Protecting Moreton Bay’s hidden turtle health clinics
When divers visit Flinders Reef, off the northern tip of Mulgumpin/Moreton Island, they sometimes witness one of Moreton Bay’s most remarkable underwater rituals: marine turtles hovering patiently around coral bommies while small fish go to work.
These places are known as cleaning stations.
To us, they may look like just another patch of reef. To a turtle, they can function like a health clinic – cleaner fish remove algae, parasites, dead tissue and debris from the turtle’s shell, skin and around wounds. It’s one of the Bay’s quiet partnerships – a living example of marine symbiosis, where one species gains a meal and another gains vital care.
For turtles, this service is not cosmetic – a heavy build-up of algae or parasites can affect their condition, movement and health, and cleaning stations help them maintain their bodies in a challenging marine environment.
The best-known turtle cleaning stations are the ones divers visit and document, but Moreton Bay is full of less visible habitat: inshore rocky reefs, coral patches, sponge gardens, seagrass edges and other small structures that may also support the fish communities turtles rely on.
These places are easy to overlook because many are not famous, spectacular or regularly visited. But ecologically, they still matter.
A small reef patch beside a seagrass meadow might be a feeding area, a resting place, a shelter for fish, and a cleaning stop for turtles. The value is not always in one large, obvious site, more often it’s in the network.
Sediment is a serious threat.
When fine mud and sediment wash from the catchments into Moreton Bay, the impacts do not stop at the places we can easily see. Sediment can reduce light, cloud the water, settle over seagrass, smother corals and rocky reef habitat, and change the small animal communities that live there.

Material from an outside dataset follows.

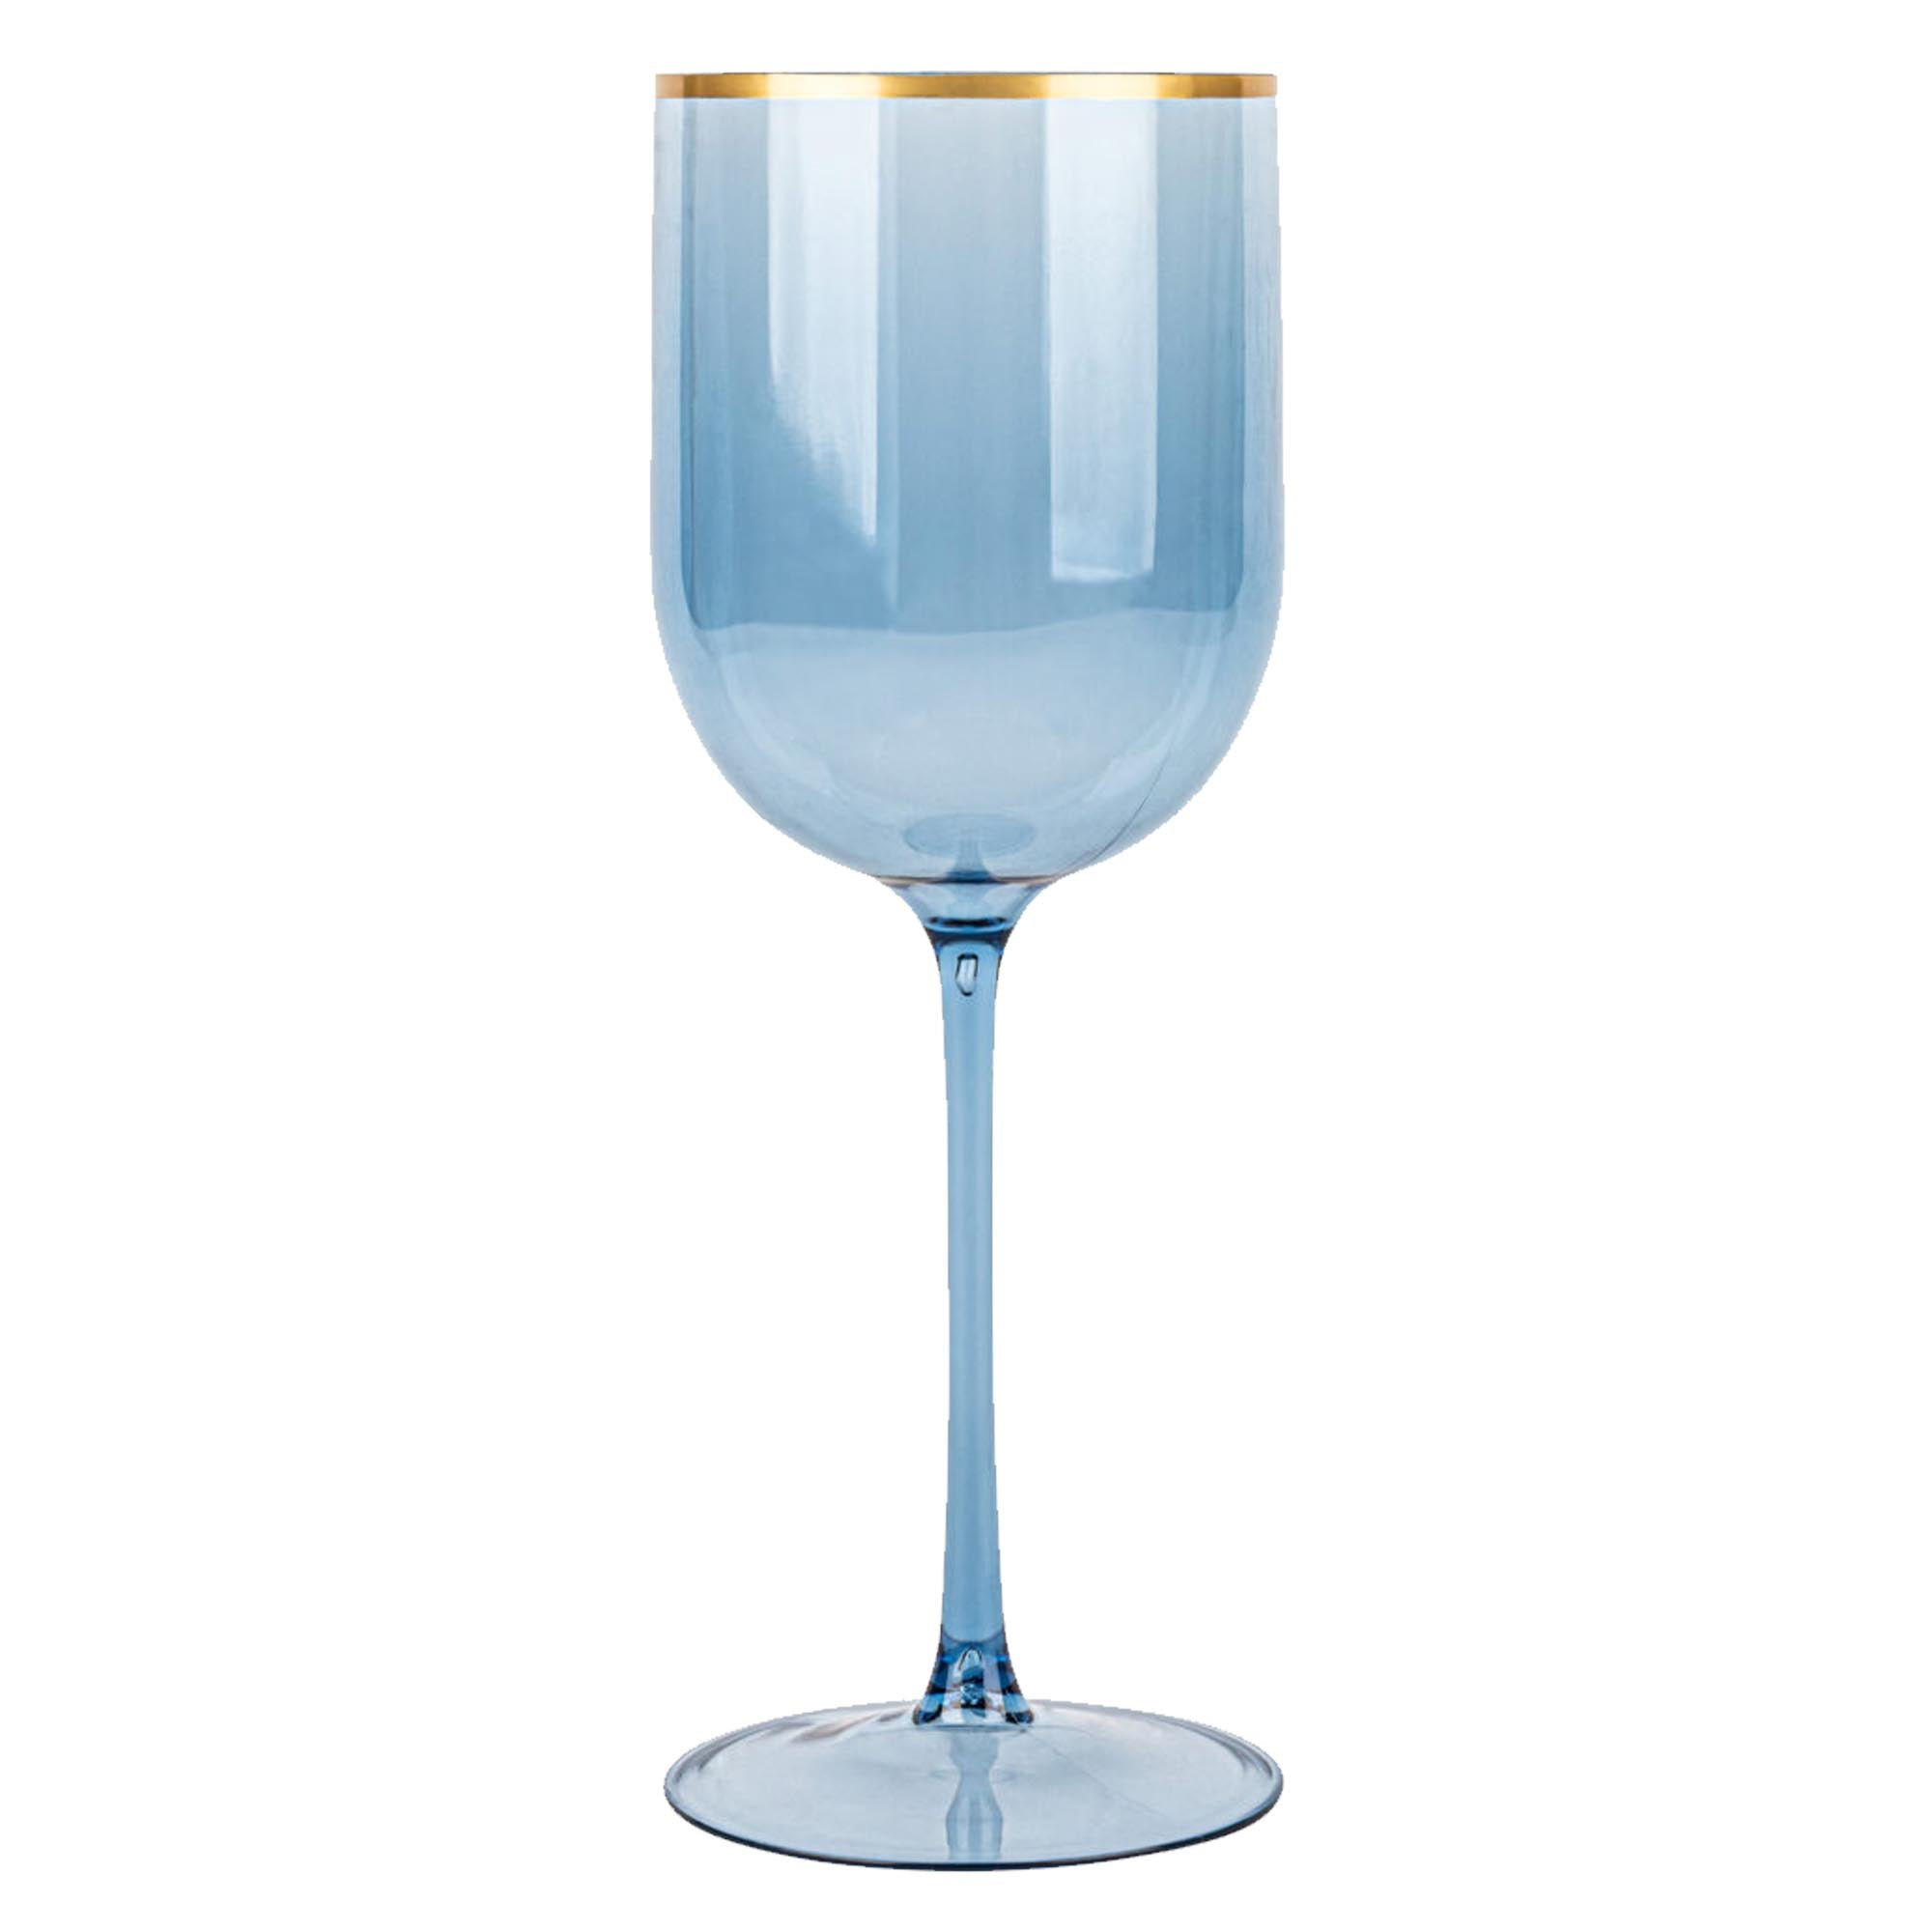 48 Glasses, 8 oz. Crystal Disposable Plastic Champagne Flutes

For a cleaning station, that matters.
If the structure is smothered, if visibility declines, or if the fish community changes, the station may stop functioning. The coral bommie or rocky patch may still be there in a physical sense, but the ecological service it provided can be weakened or lost.
When those services disappear, turtles lose part of the natural health system that helps them survive in the Bay.

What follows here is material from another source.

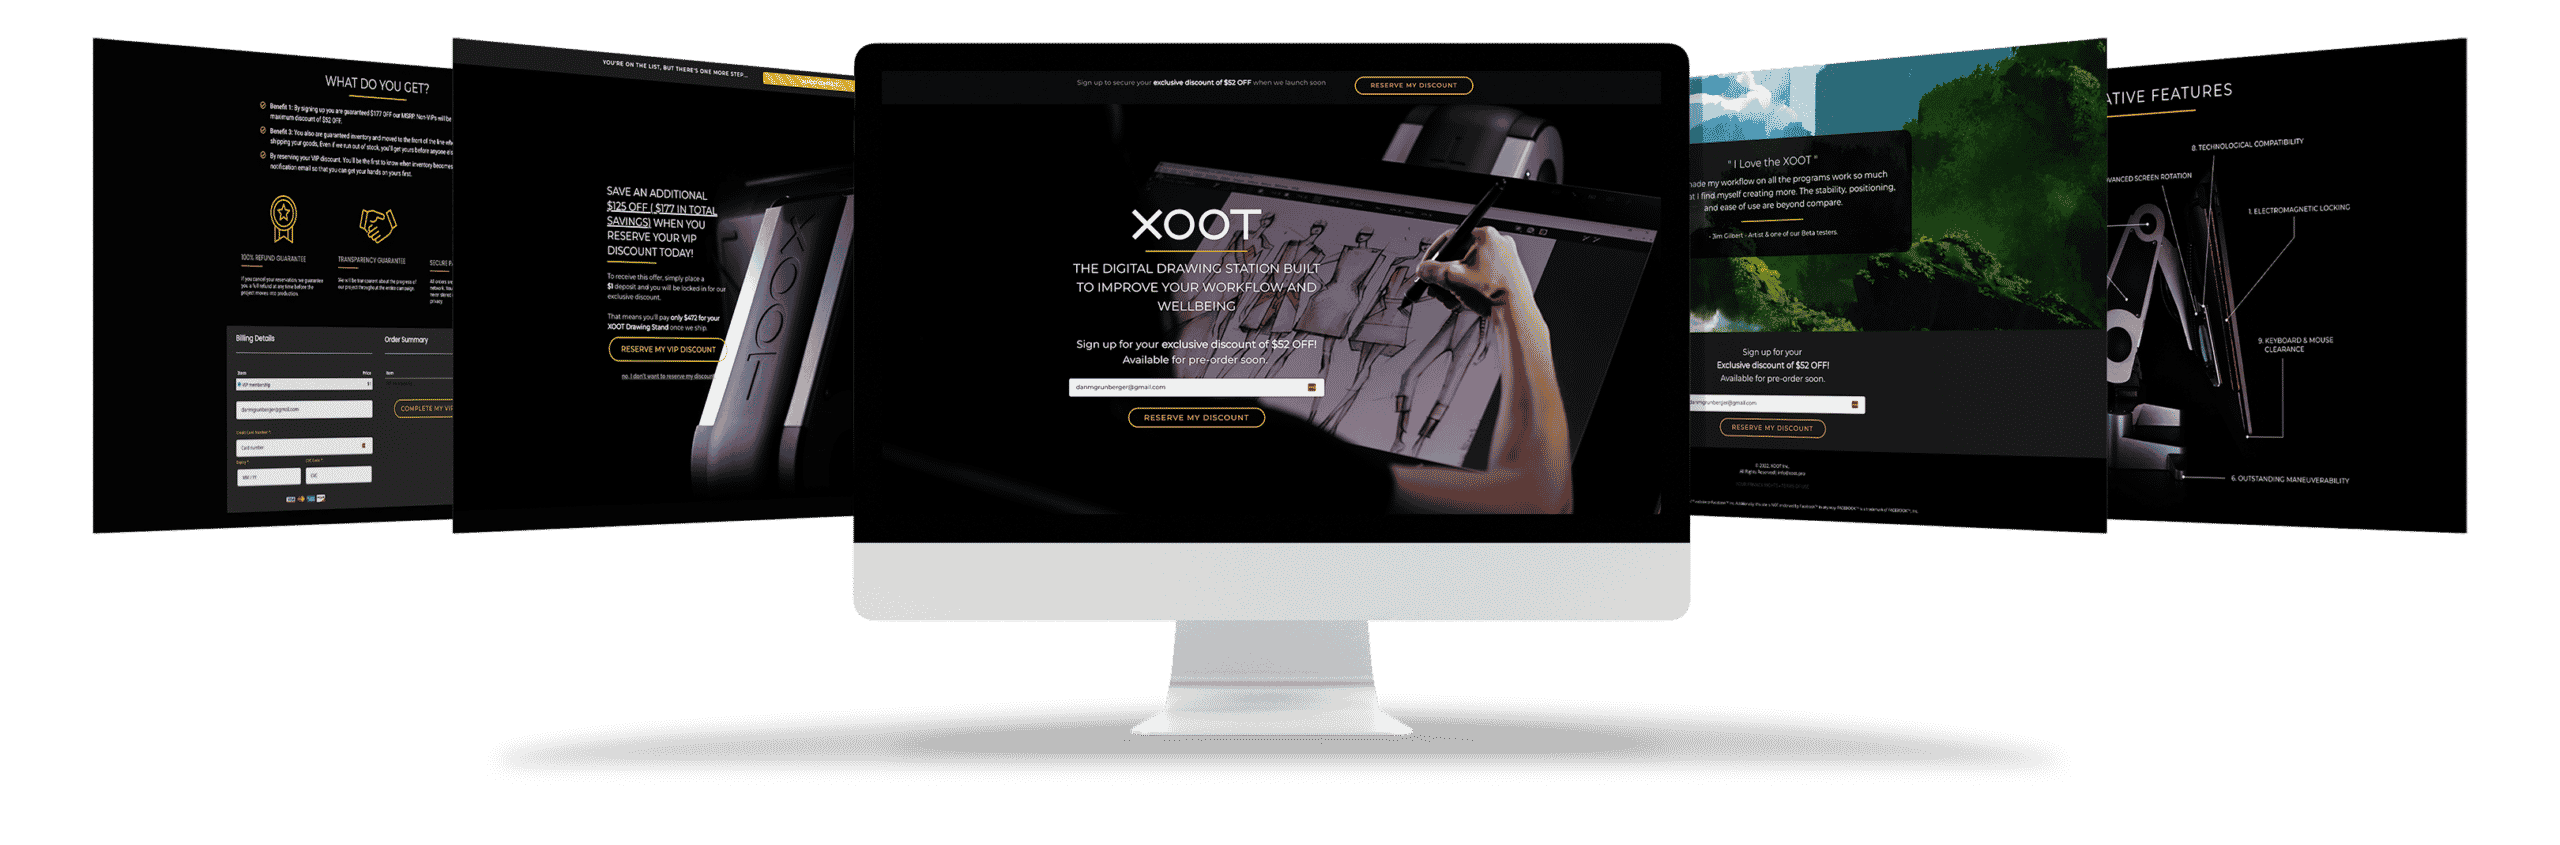 XOOT Pro landing page design mockup

Protecting turtle cleaning stations means protecting more than the well-known dive sites. It means looking after the water quality, reefs, seagrass meadows and smaller habitat patches that keep Moreton Bay working as a connected living system.

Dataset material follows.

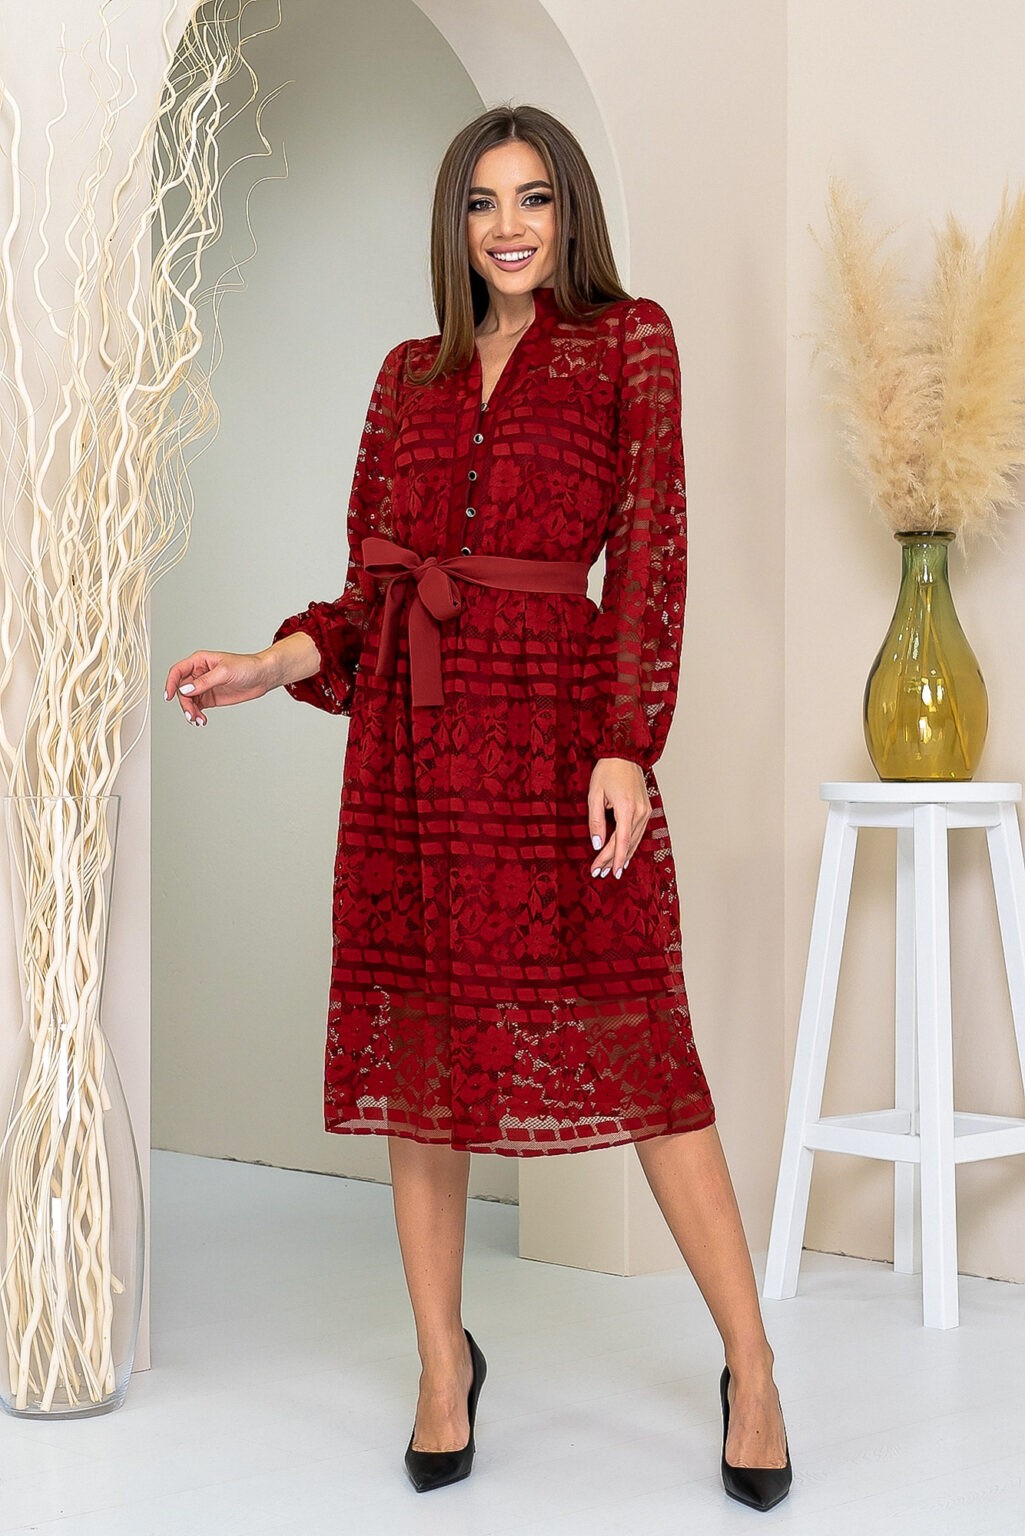 Casual burgundy dress by Tanita-Romario

Sediment is often talked about as a water quality issue. But for turtles, it’s more than that – it’s also an issue of food, habitat, and health.
Moreton Bay’s turtles do not depend on one place alone. They depend on a network of places -some famous, many hidden.
Reducing the sediment and other pressures entering the Bay is one of the most practical ways we can protect that network, and give turtles the best chance to keep using the cleaning stations that have quietly supported them for generations.